The Wilcoxon Signed Rank Test is the non-parametric version of the paired samples t-test. It is used to test whether or not there is a significant difference between two population means when the distribution of the differences between the two samples cannot be assumed to be normal.
This tutorial explains how to conduct a Wilcoxon Signed Rank Test in SPSS.
How to Perform a Wilcoxon Signed Rank Test in SPSS
Researchers want to know if a new fuel treatment leads to a change in the average mpg of a certain car. To test this, they conduct an experiment in which they measure the mpg of 12 cars with and without the fuel treatment.
The following screenshot shows the mpg for each car with (mpg1) and without (mpg2) fuel treatment:
Use the following steps to perform a Wilcoxon Signed Rank Test to determine if there is a difference in the mean mpg between the two groups.
Step 1: Choose the 2 Related Samples option.
Click the Analyze tab, then Nonparametric Tests, then Legacy Dialogs, then 2 Related Samples:
Step 2: Fill in the necessary values to perform the test.

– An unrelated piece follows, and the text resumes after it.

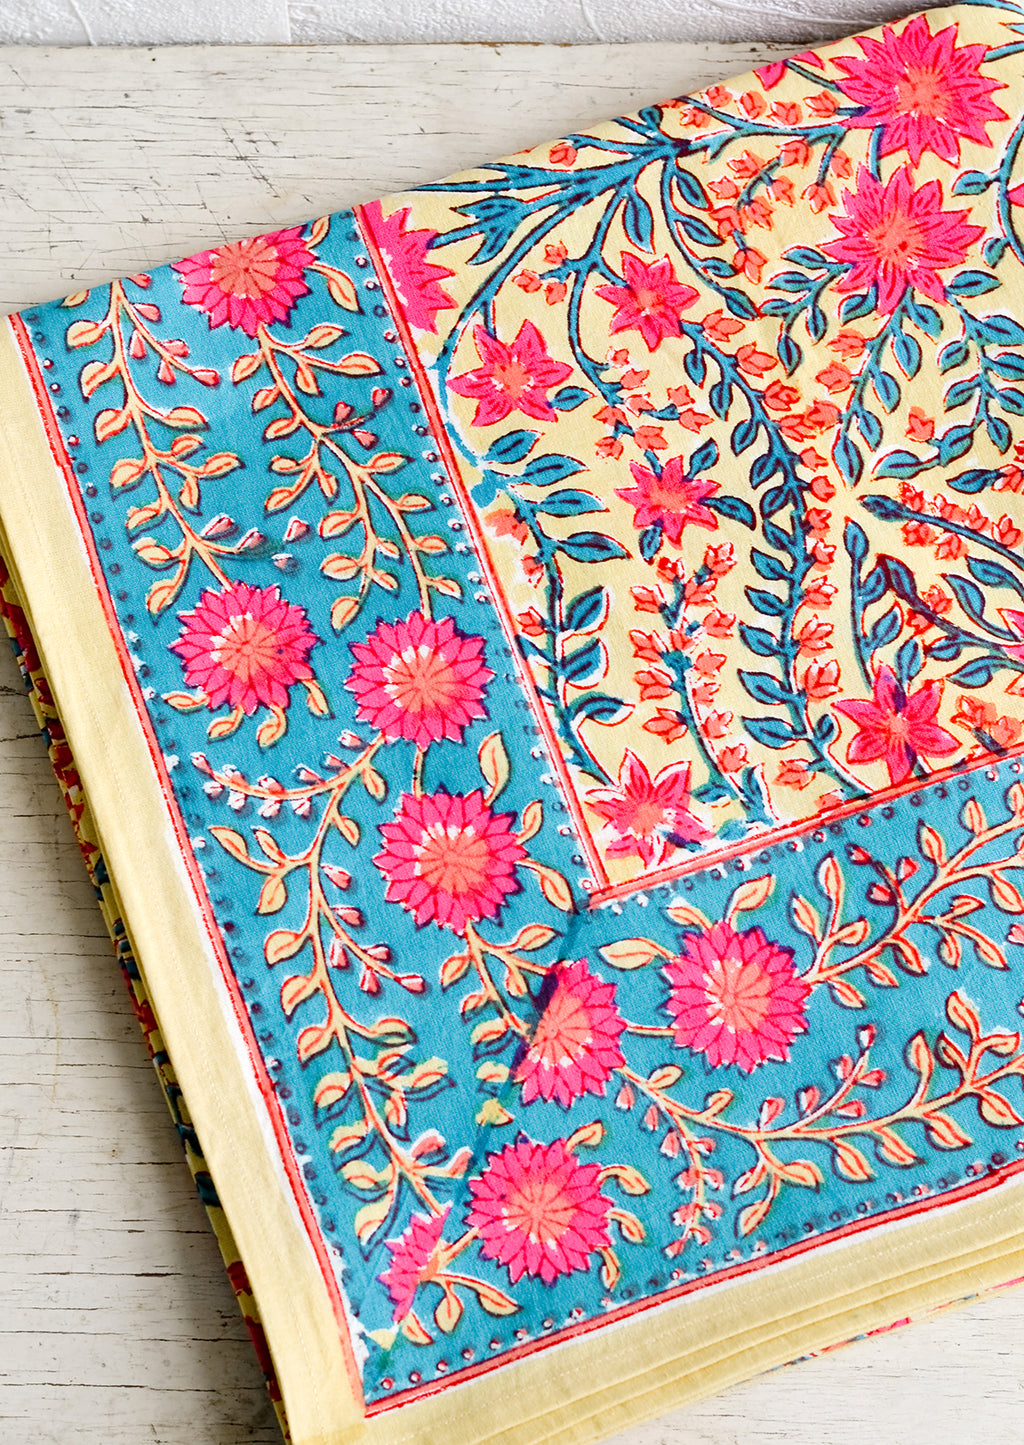 2: A vibrantly colored block printed tablecloth with floral print.

Drag mpg1 into the box under Variable1 and drag mpg2 into the box under Variable2. Make sure the box next to Wilcoxon is checked. Then click OK.
Step 3: Interpret the results.
Once you click OK, the results of the Wilcoxon Signed Rank Test will be displayed:
The first table displays the sum of the positive and negative ranks for the test. Check out this tutorial if you want to know how these ranks are calculated.
The second table displays the test statistic and the corresponding two-tailed p-value, which we can see are:
- Z test statistic: -2.013
- Two-tailed p-value: .044
Since the p-value is less than .05, we can reject the null hypothesis. We have sufficient evidence to conclude that the fuel treatment had a statistically significant effect on the mpg of cars.
Step 4: Report the results.
Lastly, we want to report the results of the Wilcoxon Signed Rank Test. Here is an example of how to do so:
A Wilcoxon Signed Rank Test was performed to determine if there was a statistically significant difference in the mean mpg before and after a car received fuel treatment. A total of 12 cars were used in the analysis.
The test revealed that there was a statistically significant difference in mean mpg between the two groups (z = -2.013, p = 0.044).
These results indicate that the fuel treatment had a significant effect on the mpg of a car.